Long term fans are introduced to a new Hippo Campus sound on this album, but it’s easy to see how the past albums and EPs have acted as stepping stones for this fully developed and altered way of making music. They have officially switched out their prior lyrical approach of poetic prose for a kicky take on just what being alive means.

The album kicks off with a bang. A horn bellows out and resonates until fading into a much calmer accompaniment reminding me of a dreamlike state. “2 Young 2 Die”, as we’re reminded multiple times from an echoey voice. This song encompasses the urge to dream and do something big in your life even if you don’t exactly know what that is yet. “So elusive like a, like a white stallion/ I wanna take it for a ride”. The lyrics and discombobulation of sounds are reminiscent of a 2016 The 1975 sound.

The second track “Blew Its” focuses on the difficulties and even failures we face with a similar association of ideas as the first track. The last verse was the best part of the song in my opinion.

The album continues to discuss the difficulties about growing up like being stuck in a relationship that’s heavily one sided in “Ride or Die,” or the innate youthly desire to run away with your first love on “Understand.”

An essential element in this album would be the idea that sometimes adulthood contains periods of isolation and in that, you must find the will to do what is best for you because no one tells you what to do anymore, you are in charge of yourself. Jake Luppen, the lead vocalist sings, “kissing boys, missing work, got hungover from your words…all these nights are a blur” (“Boys”). He vulnerably shares his own path to discovering the person he is meant to be and clearly depicts that the path is not clear or linear but he’s young and has time to figure it all out, mistakes included. 

I would like to highlight “Scorpio.” As a long standing Hippo Campus fan this is definitely an experimental style for them. The vocals are airy and light and the instrumental is digestible with a slight guitar and trumpet mash up in the background. Interesting track.

My favorite song from this album is definitely “Listerine”. Lyrically, no song on the album comes close to this one. The melodically sweet vocals paired with the bold and dark vocals feels like an oxymoron that just works. 

Additionally, the song “Bang Bang” begins as a fast piano melody introduces the tale of the inevitable end of a long-distance relationship.
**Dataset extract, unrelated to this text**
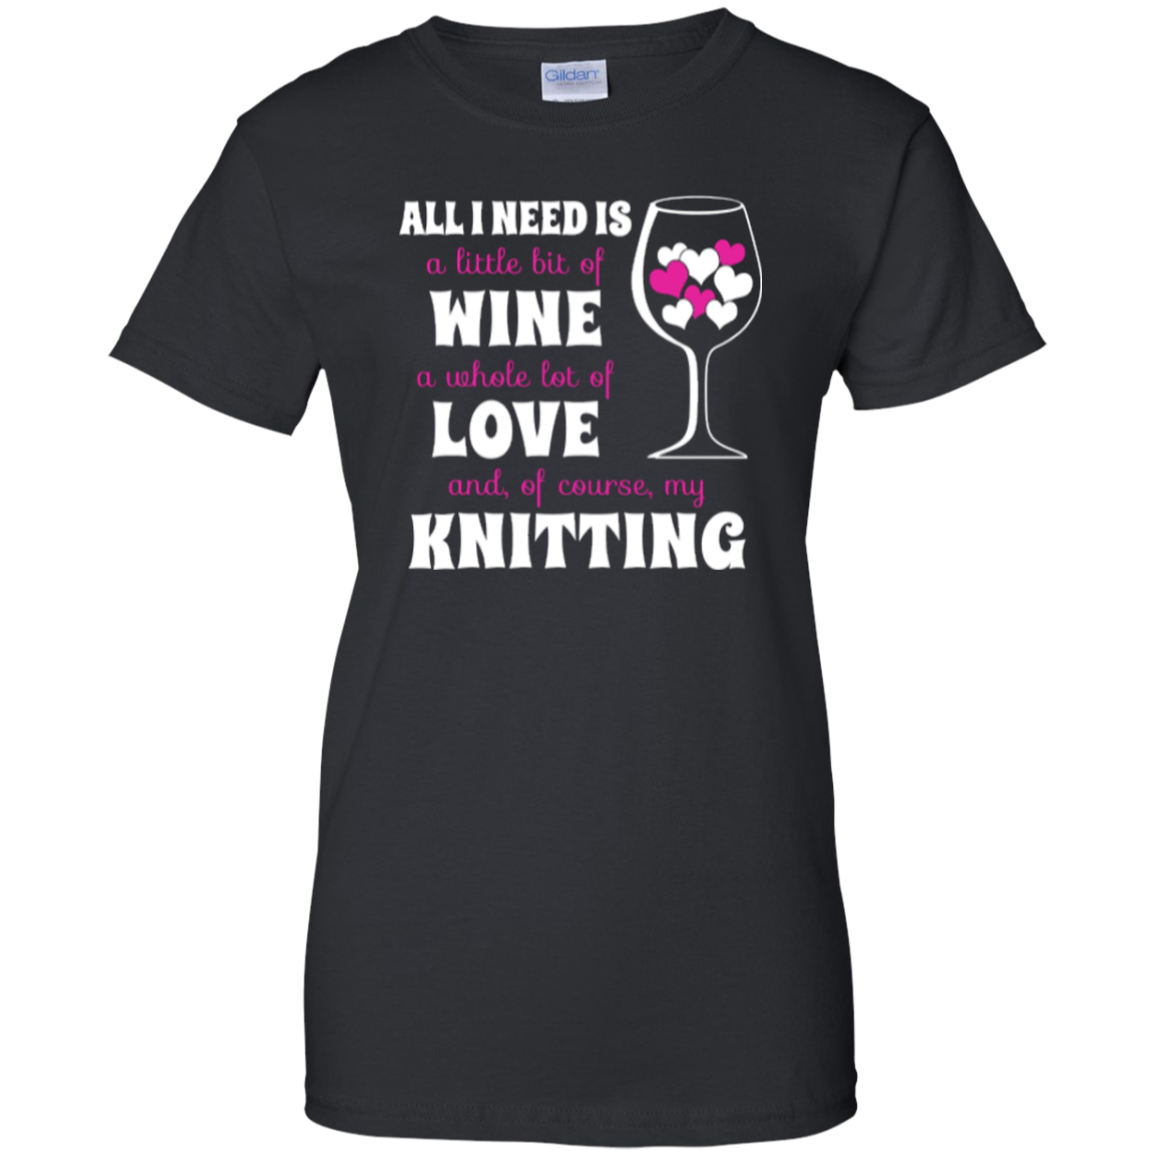 All I Need is Wine-Love-Knitting Ladies Custom 100% Cotton T-Shirt - Crafter4Life - 2

Luppen sings, “We’re pulled in two directions/I’m not that guy” (Bang Bang). Although silly in hindsight, it can be understood why it is easy to stay in something you are comfortable in, even if it hurts you more the longer you stay. Real-life example: Staying in bed and hitting snooze even when you know that the time for you to get up has long passed. It is easier and more comfortable to lay in your bed for a few more minutes. 

LP3 ticks off every small issue in youth that feels like a tragedy in the matter of a mere 33 minutes. And every minute of the almost four year wait was worth it.  If you do not have time to listen to the album in its entirety allow me to make a few suggestions: “Ride or Die”, “Semi Pro”, “Bang Bang”, and “Blew Its”. 

In conclusion, I highly recommend the album. Although it encourages deep thought on intricate topics such as identity and maturity, it superficially serves as an indie-rock album with nothing but dance hits.